As defined by Mason and Dunnill, the subject of regenerative medicine aims to replace and regenerate human cells, tissues or organs [1].

Herbs and plants have been used to cure many diseases since ancient times, and their medicinal and therapeutic importance has been proven in the prevention and treatment of many pathologies.

Inexpensive and without major side effects, several studies have shown that natural compounds, especially secondary metabolites isolated from plants, have many biological and medicinal activities such as antibacterial, antiviral, antifungal, anticancer, analgesic, anti-inflammatory, regenerative and antitumoral.

The role of medicinal plants in disease treatment has been the subject of many studies in odontology, especially for their antibacterial and anti-inflammatory potential, their regenerative potential needs to be explored.

2. Particularities of Oral Cavity

The human teeth are composed of organized, mineralized tissue layers of dentin, cementum and enamel. In native tooth architecture, an enamel-encased crown surrounds the internal pulp chamber and roots [2].

Enamel is derived from oral epithelium tissue, while dentin, pulp and periodontium derive from the neural crest.

In healthy tooth anatomy, the dentin-pulp complex lies below a continuous layer of ordered enamel, protecting the vessel and nerve rich pulp [2].

In the dentin layer, odontoblasts create and regulate tissue matrix components.
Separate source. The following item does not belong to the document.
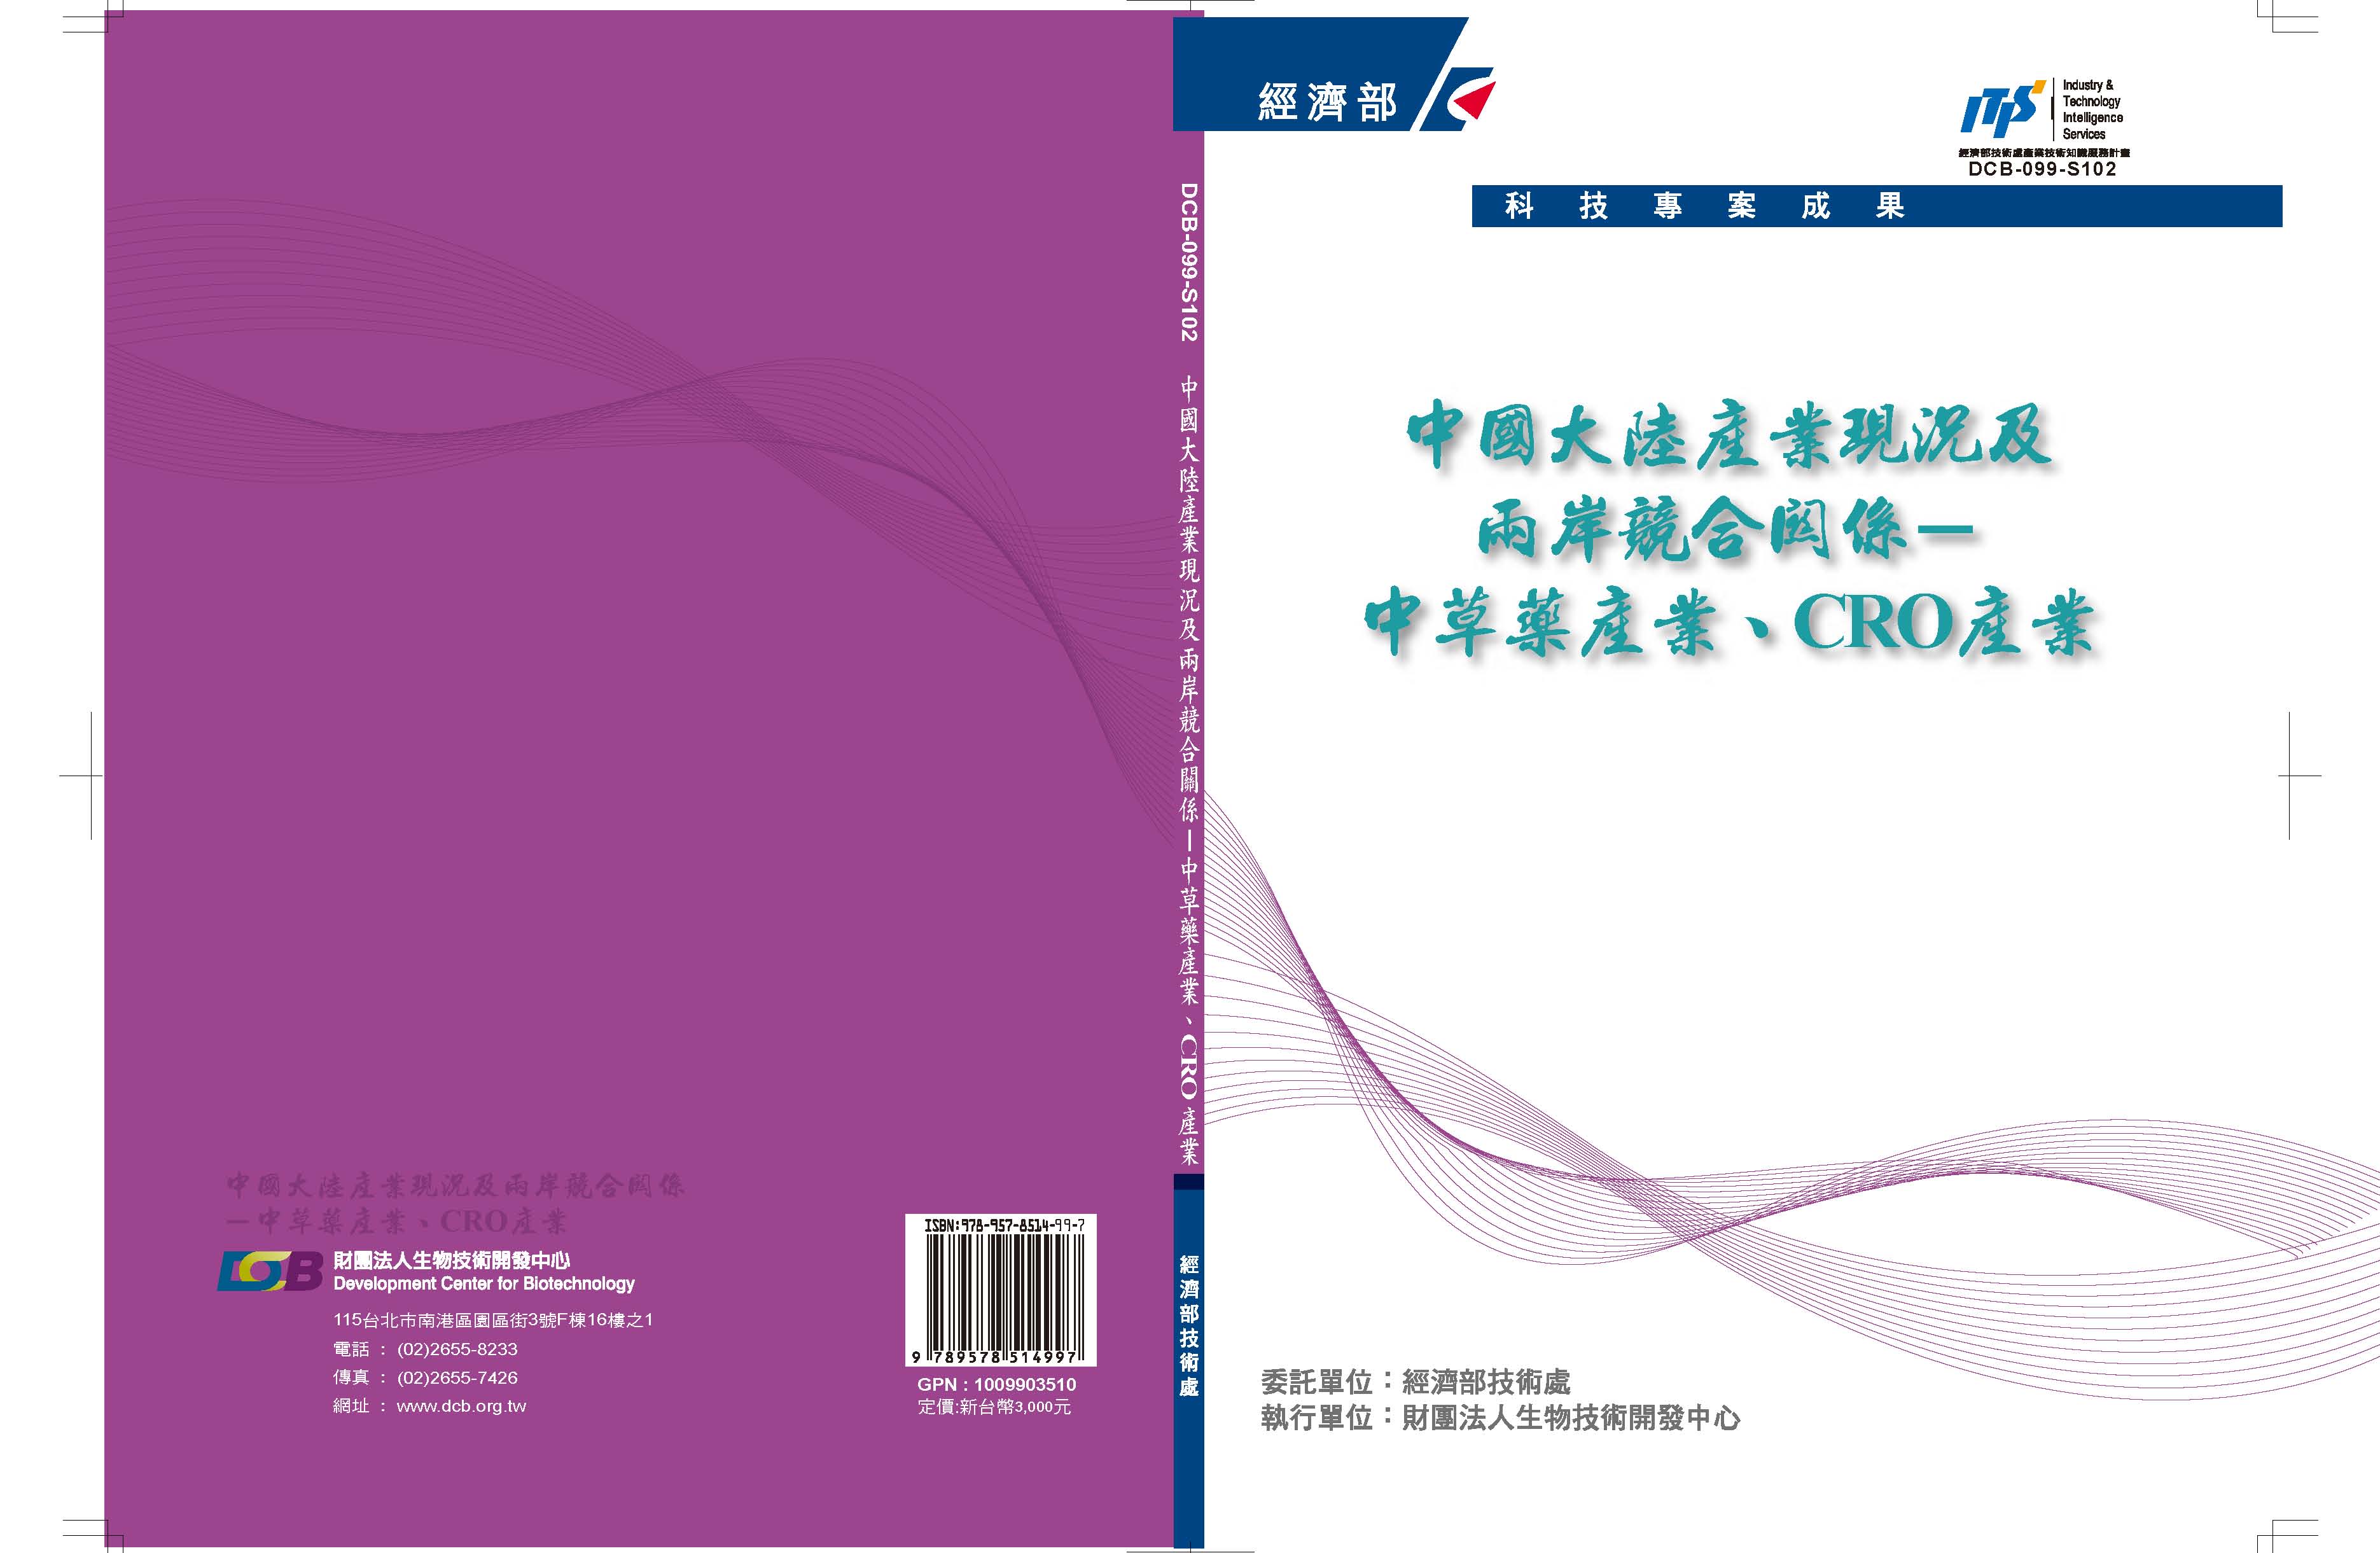 中國大陸產業現況及兩岸競合關係－中草藥產業、CRO產業

Epithelial-mesenchymal interactions are essential for the transition of mesenchymal embryonic pulp cells to the pre-odontoblastic stage. Signaling molecules from the inner enamel epithelium encourage differentiation of peripheral dental papilla cells, odontoblast precursors, which eventually become secondary odontoblasts [3] [4] [5].

Human dental pulp stem cells (DPSCs) originate from migrating neural crest cells, are derived from the embryonic ectoderm layer and possess mesenchymal stem cell properties. This feature confers them vast differentiation potential, in addition to their ability to secrete trophic factors and their immunoregulatory properties. DPSCs can differentiate into odontoblasts, osteocytes/osteoblasts, adipocytes, chondrocytes, or neural cells [6] [7].

DPSCs can also regenerate dental tissue composed of vascular, connective, and neural tissues. During tooth development, primitive ectomesenchyme becomes enclosed within the prospective teeth to form the dental pulp, a rich source of stem cells. Odontogenesis (the process of tooth development) involves the cell matrix of types and specific cellular processes which result in the differentiation, growth, maturation and eruption of developing teeth in the mouth [5] [6].

2.1. Soft Tissues

Gingiva and oral mucosa: The gingiva is the oral mucosa that covers the alveolar bone and cervical part of the tooth. It forms a physical barrier against oral bacteria and provides mechanical protection to the underlying tissues. Given its protective nature, the gingiva is a key for wound healing since is constantly exposed to trauma or bacterial products that lead to inflammatory and infectious events.

The gingiva is composed of a layer of epithelial tissue (divided into three functional compartments; gingival, sulcular, and junctional epithelium) and connective tissue: superficial and deep compartments [8].

The cellular processes of oral soft tissue are similar to the healing of skin wounds. Nevertheless, it is commonly stated that oral wounds heal better and with less scar formation than dermal wounds.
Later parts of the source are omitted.